RECORDS SHOWN:
--

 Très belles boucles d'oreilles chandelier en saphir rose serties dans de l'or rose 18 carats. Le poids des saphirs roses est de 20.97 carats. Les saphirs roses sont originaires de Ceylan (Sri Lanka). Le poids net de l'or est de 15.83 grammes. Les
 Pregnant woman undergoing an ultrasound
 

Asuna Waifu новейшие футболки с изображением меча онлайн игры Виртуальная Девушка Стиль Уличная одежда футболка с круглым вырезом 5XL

--

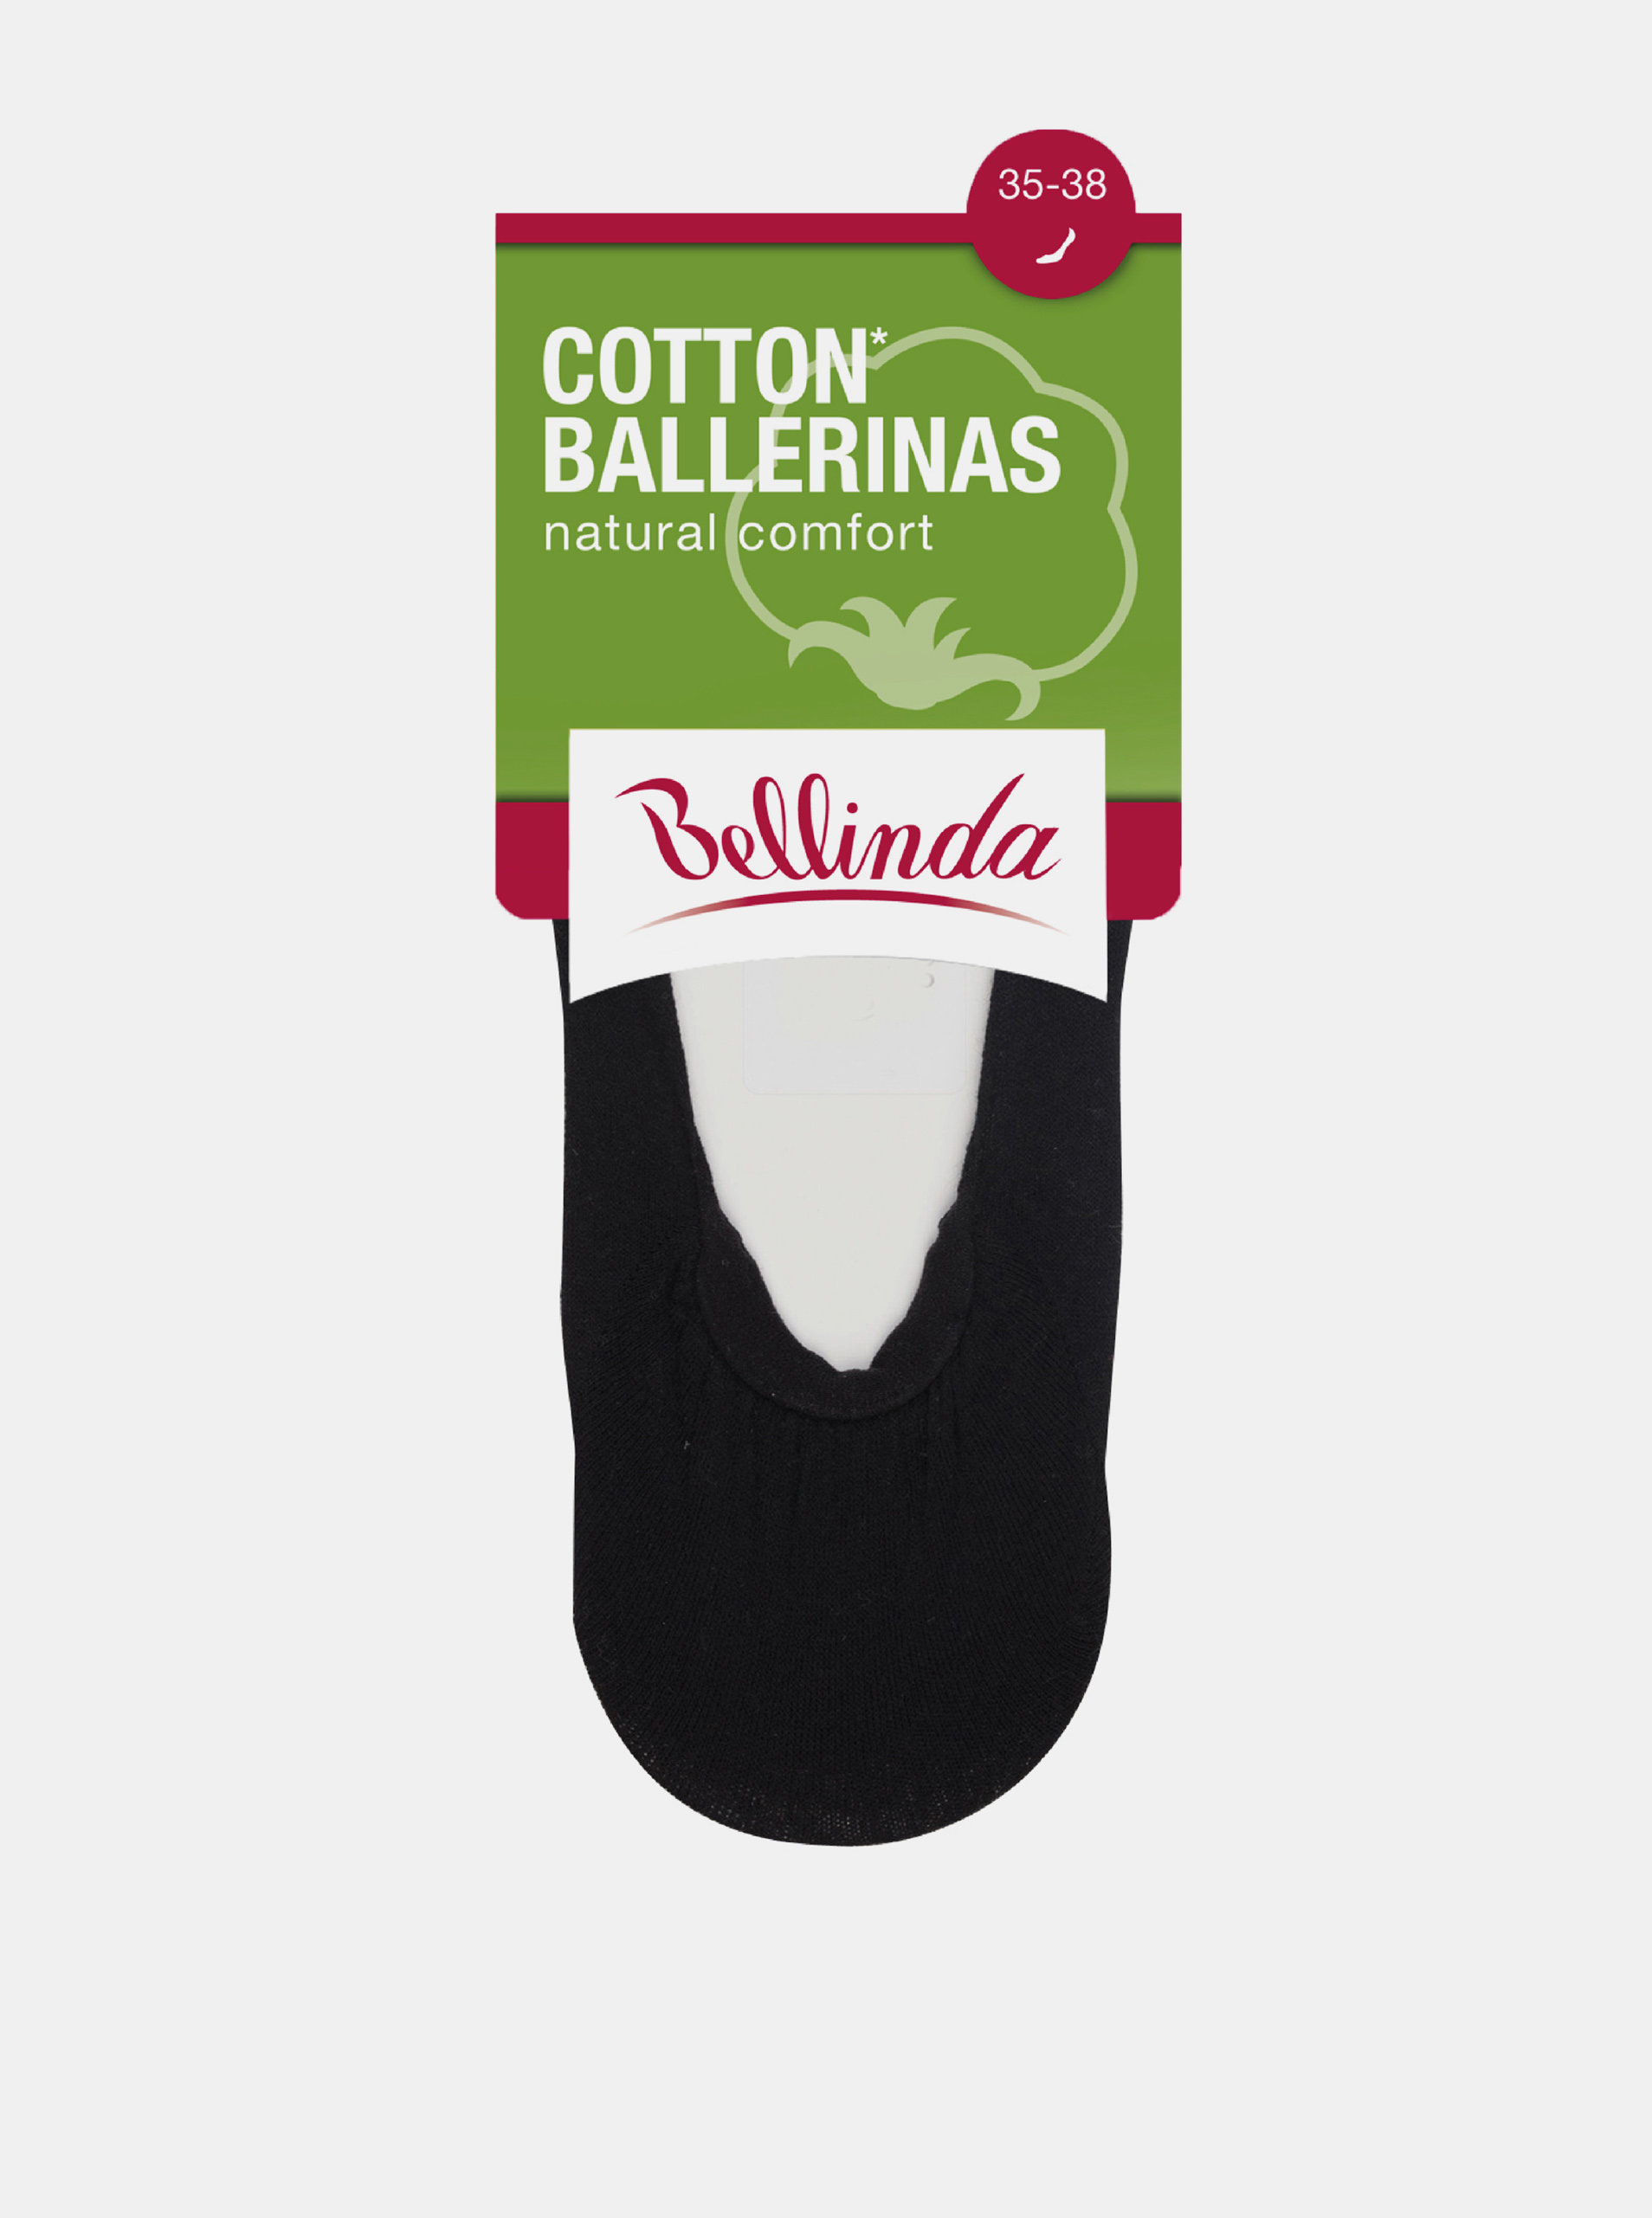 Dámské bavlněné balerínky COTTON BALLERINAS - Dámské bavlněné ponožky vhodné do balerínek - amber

--

EXERCISE PROMPT: Word for word, restate the lines of the data above that fall between the line holding "Pregnant woman undergoing an ultrasound" and the line holding "Asuna Waifu новейшие", inclusive, and no other lines.

THE ANSWER:
 Pregnant woman undergoing an ultrasound
 

Asuna Waifu новейшие футболки с изображением меча онлайн игры Виртуальная Девушка Стиль Уличная одежда футболка с круглым вырезом 5XL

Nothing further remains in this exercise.